= Task prompt =
Print out every line of the material exactly. Include no pictures.

= Data provided =
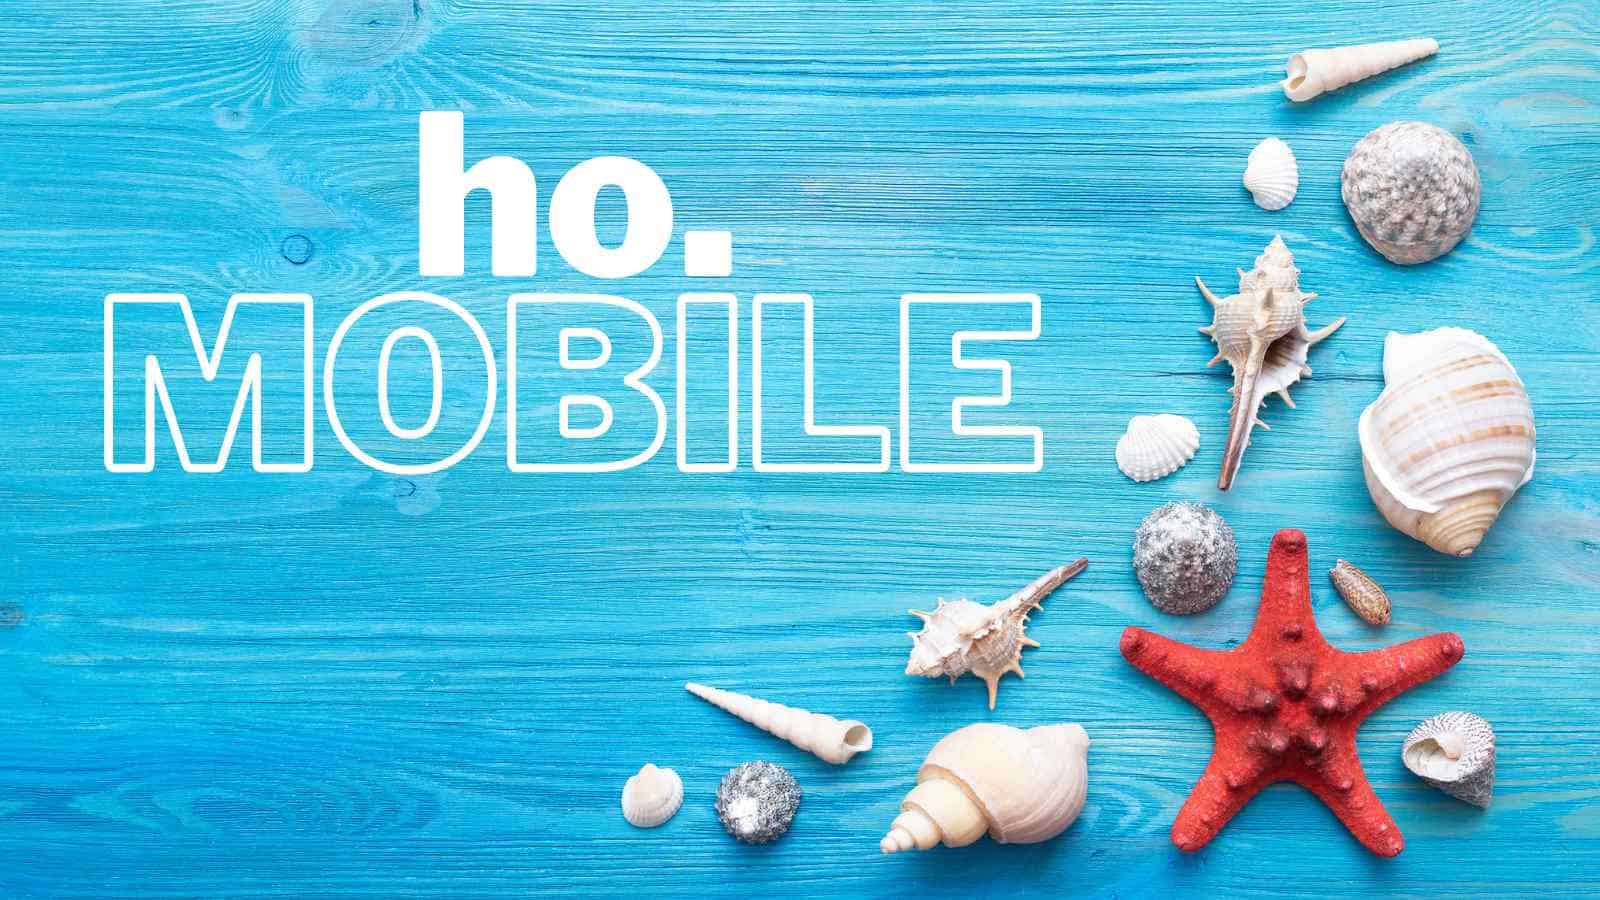 Le incredibili offerte Ho. Mobile sulla rete 4G, a partire da 6.99 euro al mese 150 GB di traffico mobile e minuti ed SMS illimitati.
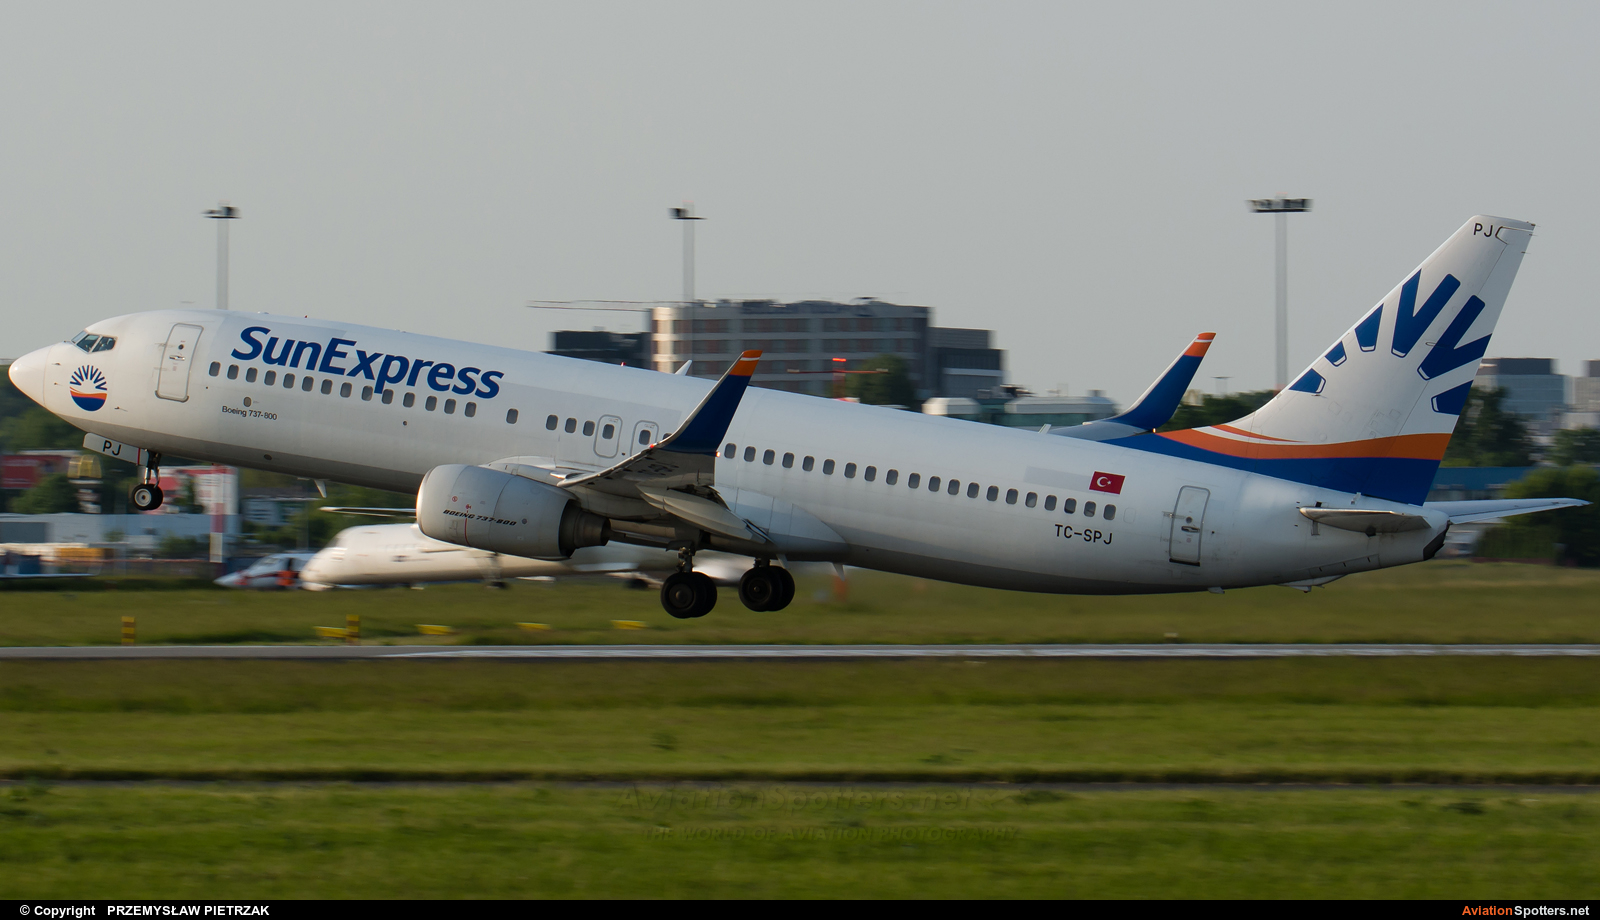 SunExpress  -  737-800  (TC-SPJ) By PRZEMYSŁAW PIETRZAK (PEPE74)
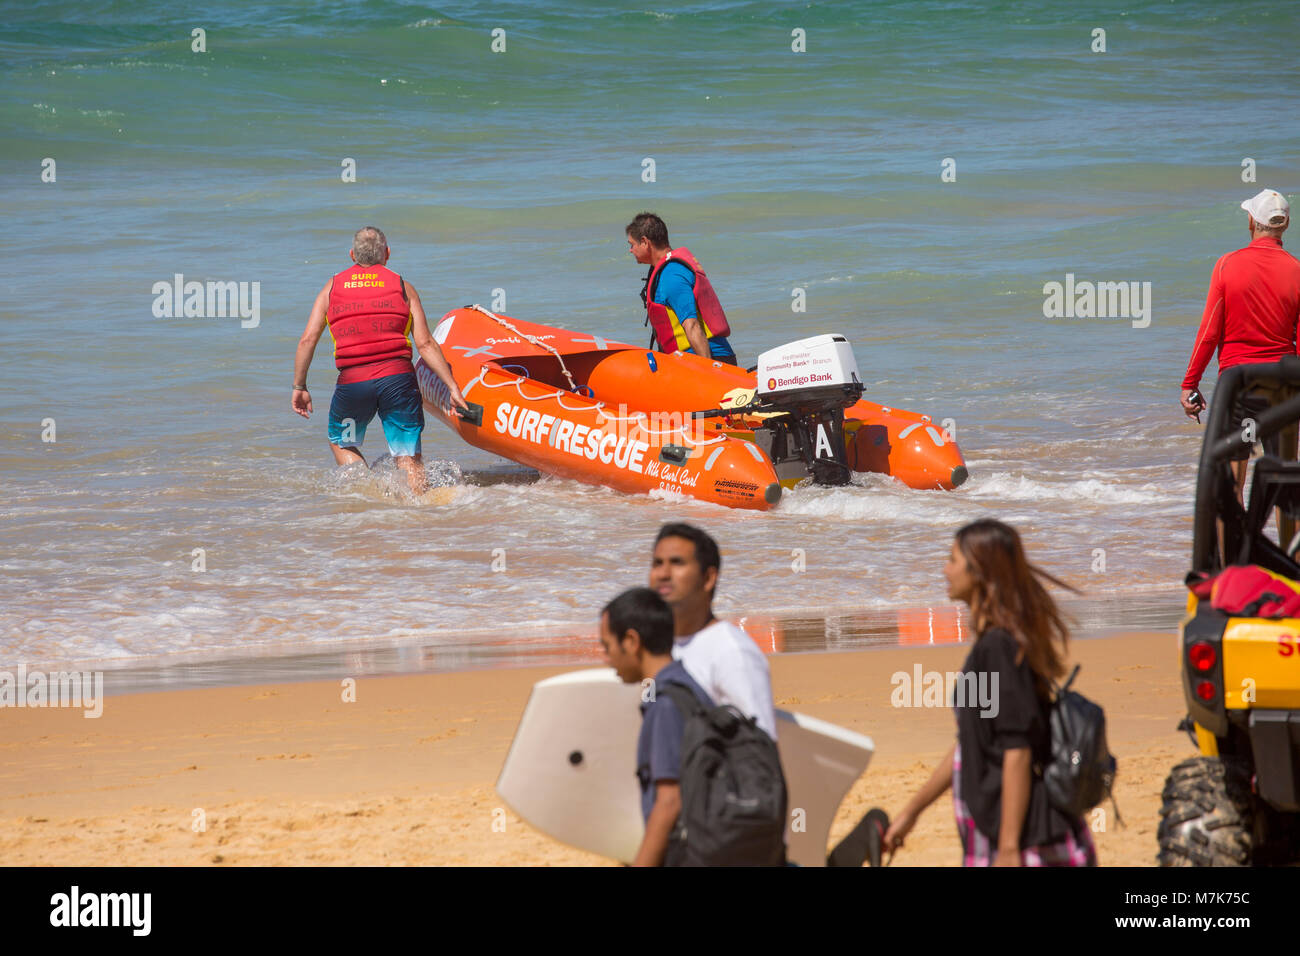 Les bénévoles de surf australienne avec Zodiac gonflable et beach buggy transports le Curl Curl Beach au nord de Sydney, Australie Banque D'Images

= Solution for this problem =
 Le incredibili offerte Ho. Mobile sulla rete 4G, a partire da 6.99 euro al mese 150 GB di traffico mobile e minuti ed SMS illimitati.
 SunExpress  -  737-800  (TC-SPJ) By PRZEMYSŁAW PIETRZAK (PEPE74)
 Les bénévoles de surf australienne avec Zodiac gonflable et beach buggy transports le Curl Curl Beach au nord de Sydney, Australie Banque D'Images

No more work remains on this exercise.